Guidelines for references (from the APA Manual)

 

In-text citations:

Sources cited or referred to in the text should indicate the author's last name, publication date, and page number(s) when applicable: (Gatbonton, 1994; Collins & White, 2005, p. 563); if more than one citation appears in parenthetical material, they should appear in alphabetical order. When the author's name is part of the text, follow this form: Trofimovich (2007) argued that...
 

Reference list:

All in-text citations must be listed in full in the reference list at the end of the article. Begin the reference list on a separate page entitled “References” and double-space it throughout. Each entry must include the author’s name, co-authors (if applicable), publication date, and title of the work. For a journal article, also provide the name of the journal, volume number, and page numbers for the article. For an article in an edited volume, include the editor’s name, title of the volume, and page numbers of the article. For a book or monograph, include the edition, place of publication, and name of publisher. Punctuate and capitalize as in the following examples:
 

Conference presentation:

Auger, J. (2001, March). Entre syntaxe et morphologie: Les clitiques pronominaux et l’épenthèse en Picard. Paper presented at Le Groupe Langues & Grammaire et l’UMR 7023, Indiana University, IN.
 

Journal article:

Cardoso, W. (2007). The variable development of English word-final stops by Brazilian Portuguese speakers: A stochastic optimality theoretic account. Language Variation and Change, 19, 1-30.
 

Book:

Ellis, R. (1994). The study of second language acquisition. Oxford: Oxford University Press.

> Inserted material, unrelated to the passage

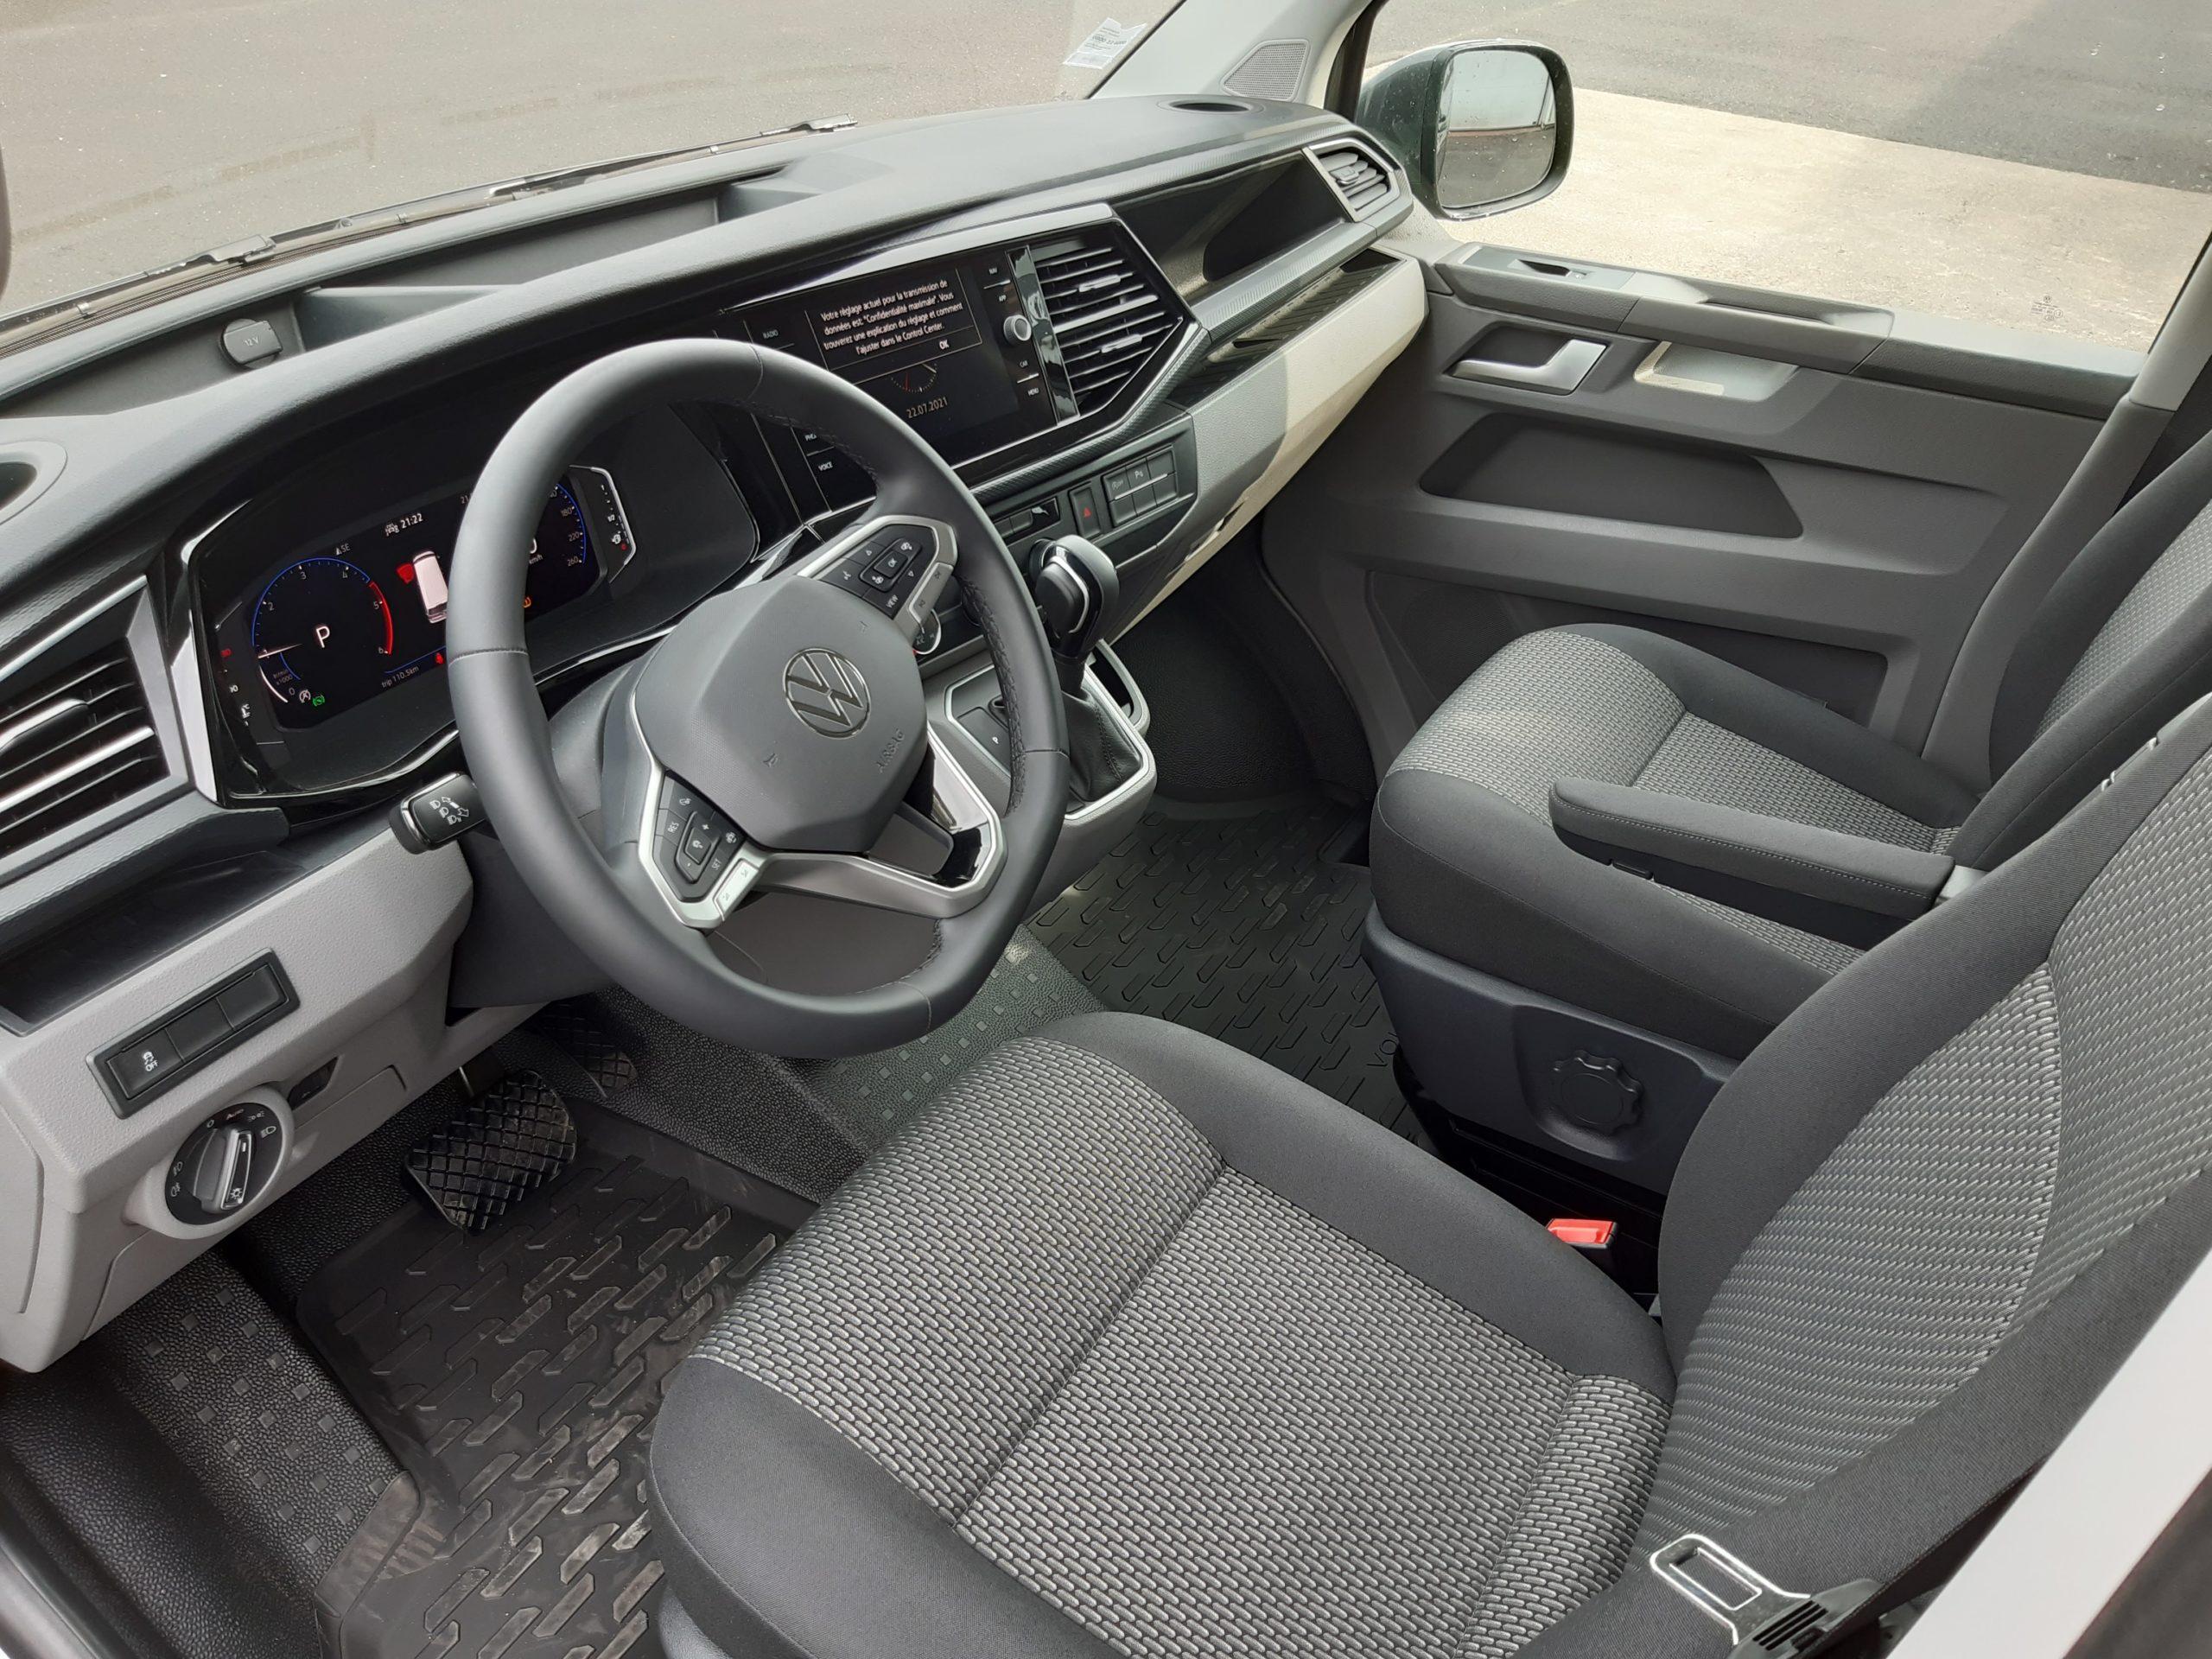 Location d'un fourgon compact double cabine - Volkswagen T6-1 Cabine APP - Vue7

PhD dissertations, theses, unpublished manuscripts:
Horst, M. (2000). Text Encounters of the Frequent Kind: Learning L2 Vocabulary through Reading. Unpublished doctoral dissertation, CALS Swansea, UK.
 

Edited book:

Meisel, J. (Ed.). (1994). Bilingual first language acquisition: French and German grammatical development. Amsterdam: Benjamins.
 

Journal article with more than one author:

Trahey, M., & White, L. (1993). Positive evidence and preemption in the second language classroom. Studies in Second Language Acquisition, 15, 181-204.
 

Article in an edited book:

Zuengler, J. (1993). Explaining NNS interactional behavior: The effect of conversational topic.
In G. Kasper & S. Blum-Kulka (Eds.), Interlanguage pragmatics (pp. 184-195). Oxford: Oxford University Press.